— WHAT THE TASK REQUIRES —
Copy nothing but the text: reproduce each line of the listing exactly and leave the pictures out.

— COLLECTED DATA —
((

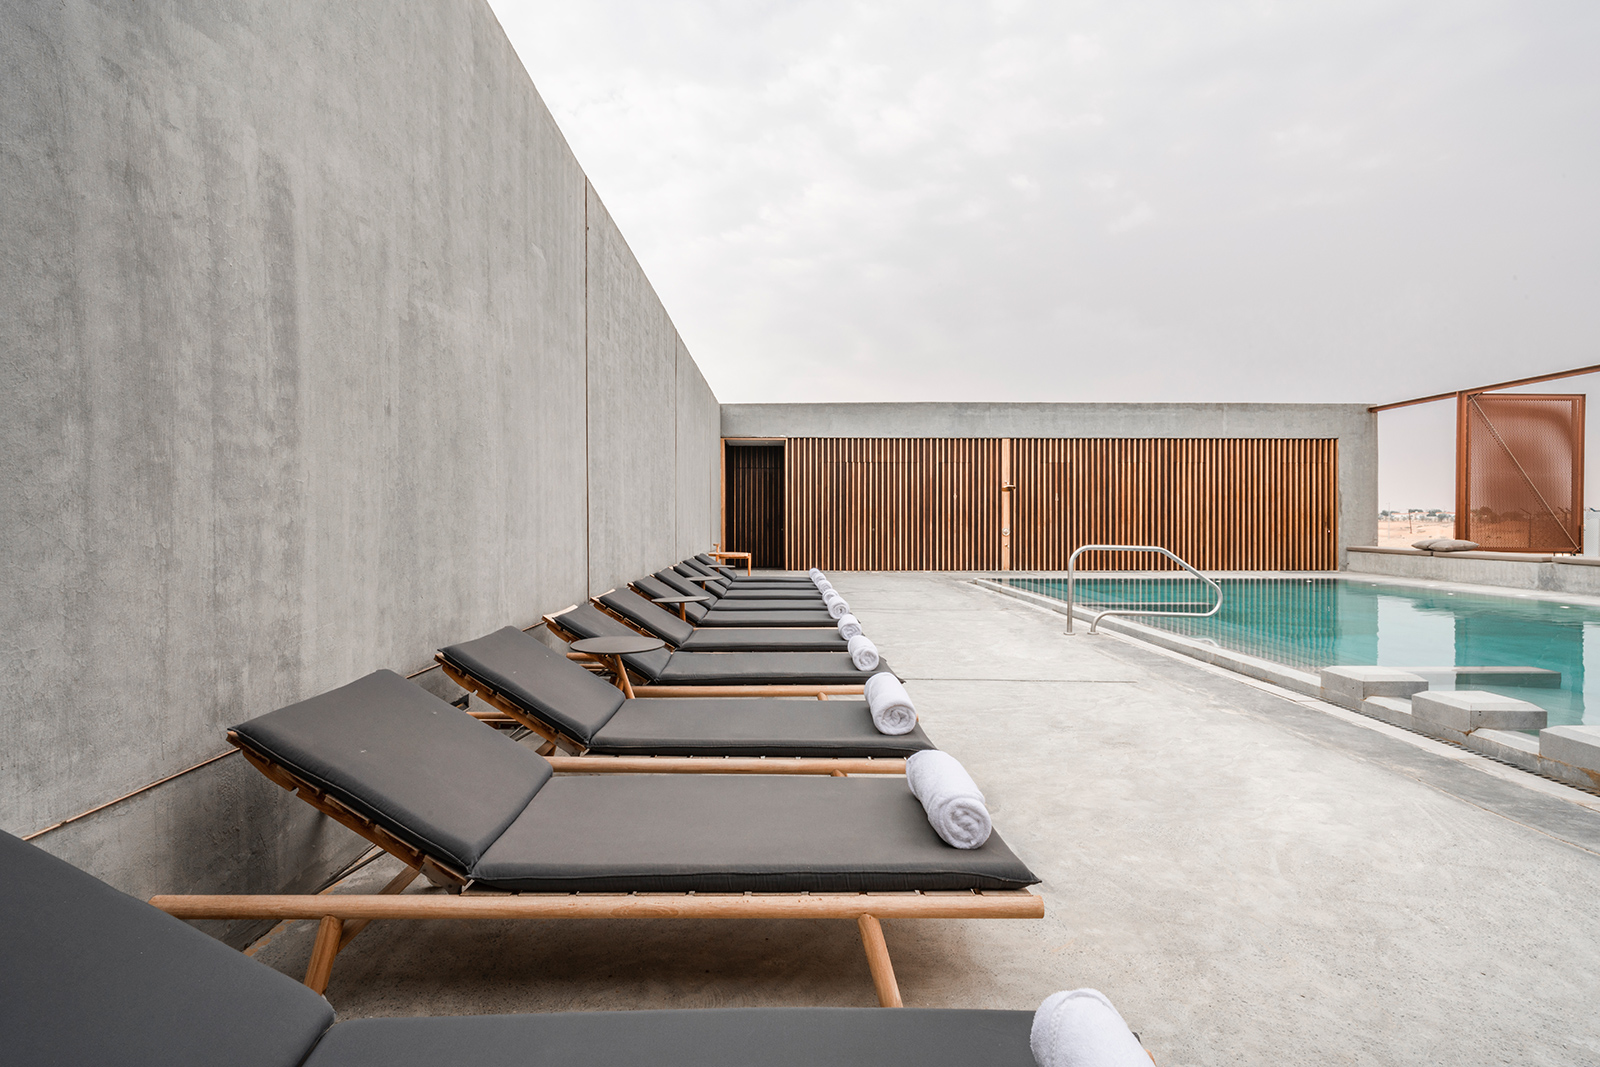 The concrete swimming pool and area at Al Faya Lodge, UAE
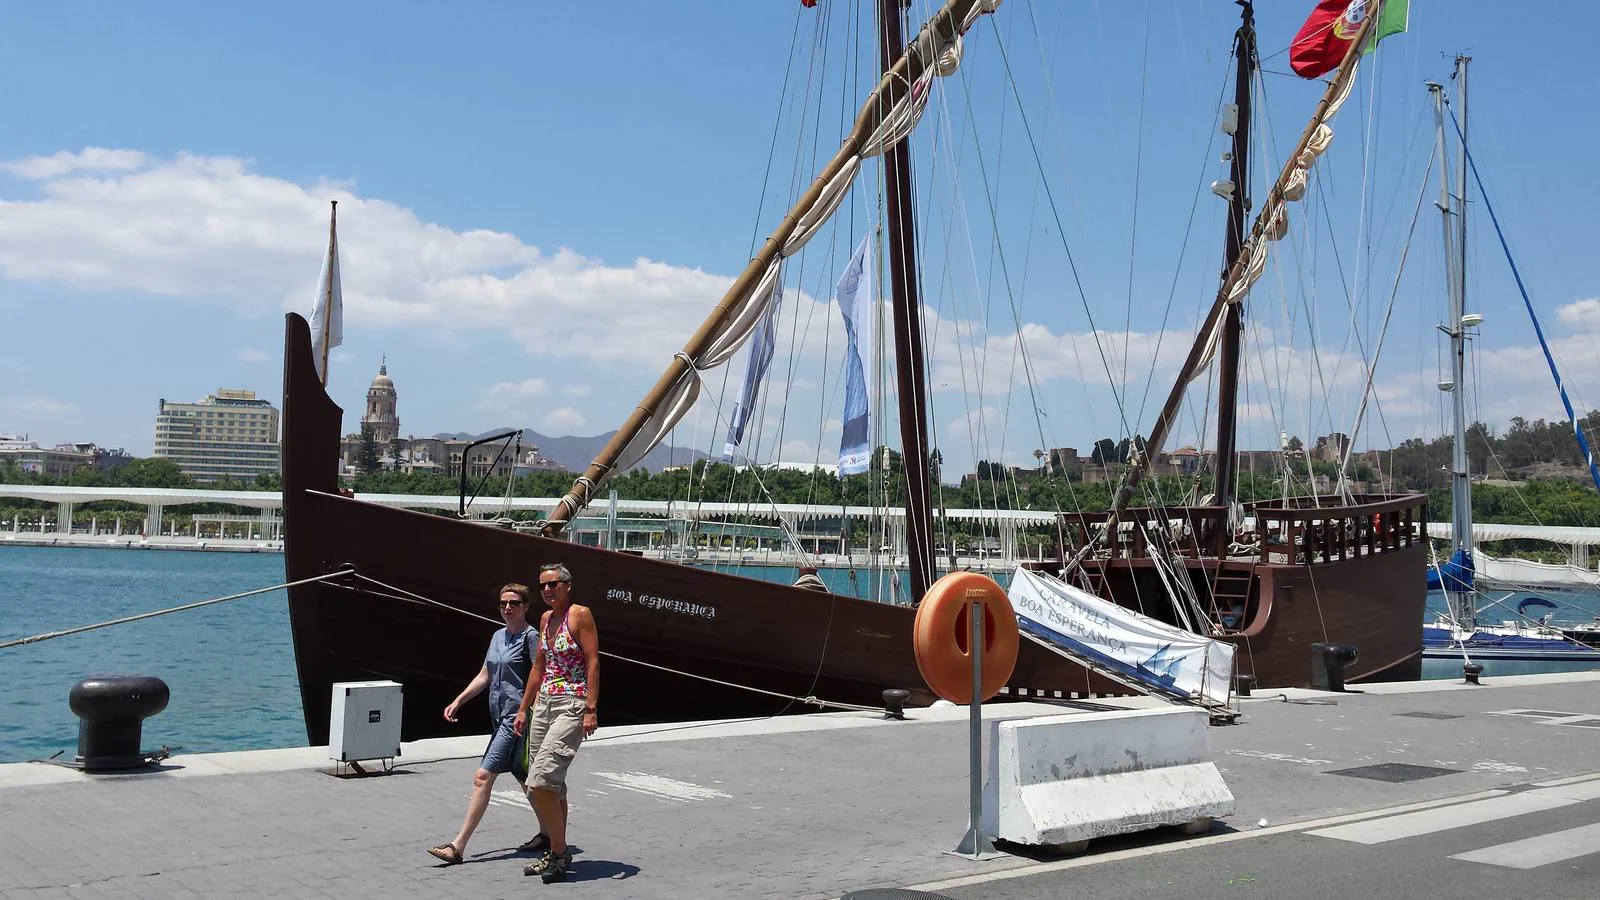 Llega al puerto de Málaga la carabela 'Boa Esperanza'
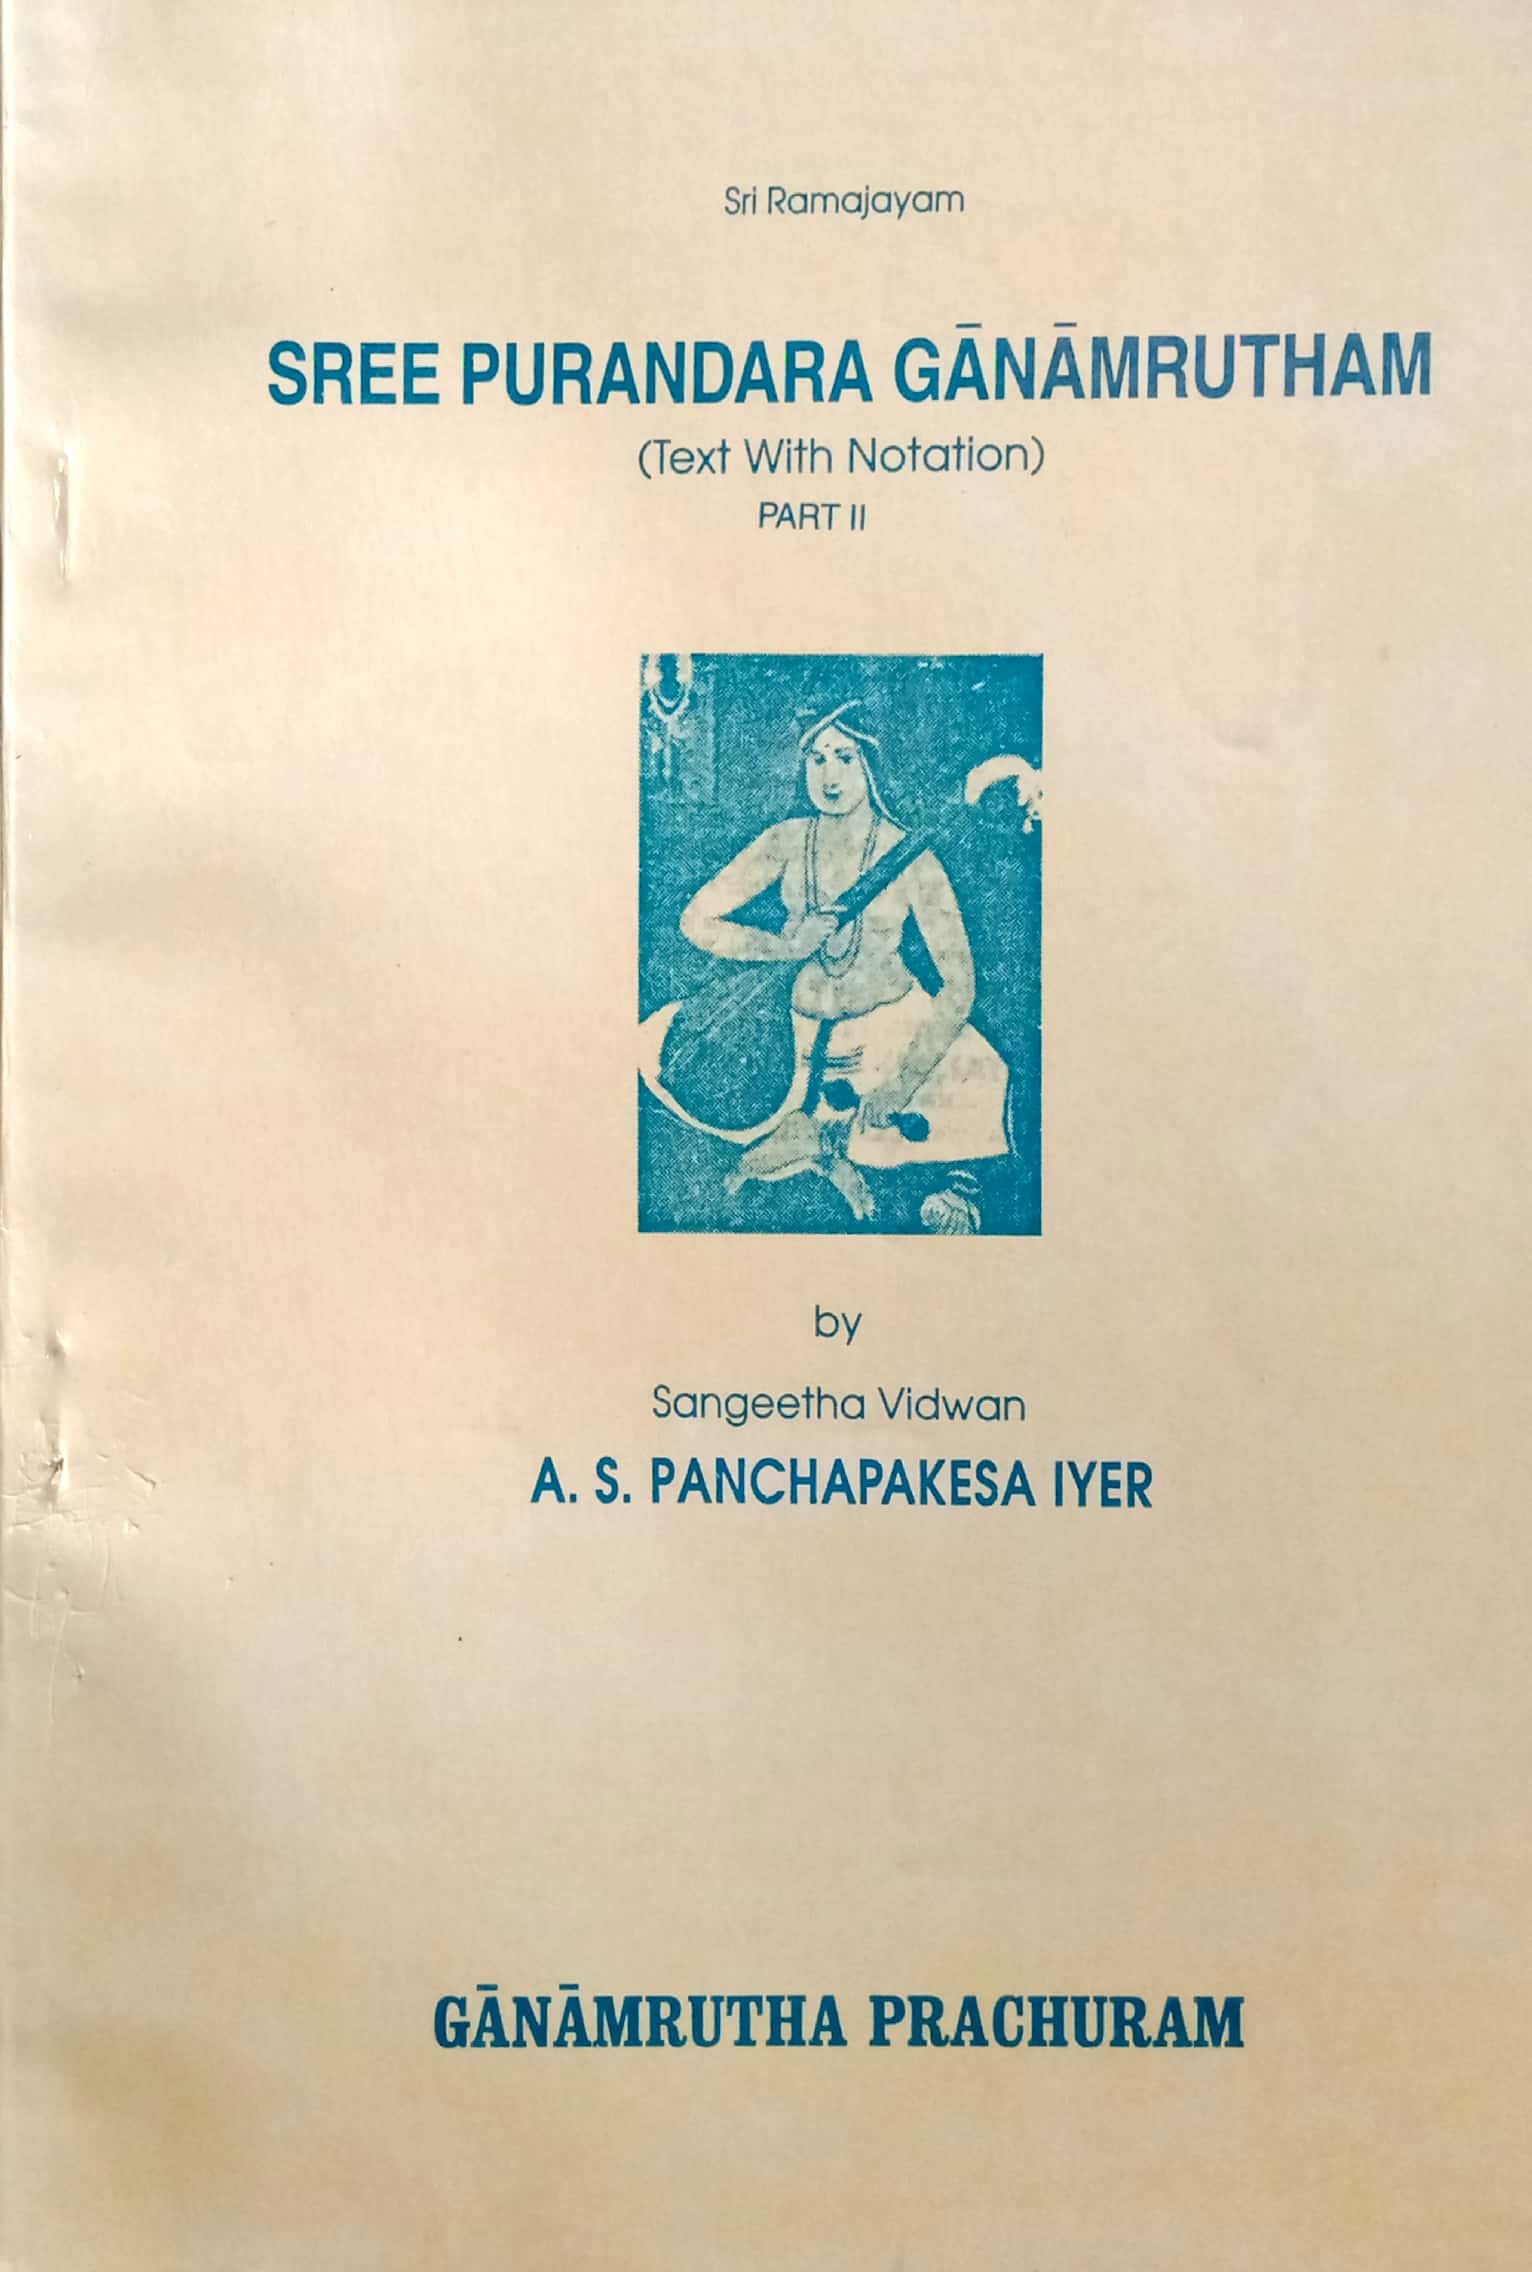 Routemybook - Buy Sree Purandhara Ganamrutham Part - II - English by A ...

))

— ANSWER FOR THIS EXERCISE —
 The concrete swimming pool and area at Al Faya Lodge, UAE
 Llega al puerto de Málaga la carabela 'Boa Esperanza'
 Routemybook - Buy Sree Purandhara Ganamrutham Part - II - English by A ...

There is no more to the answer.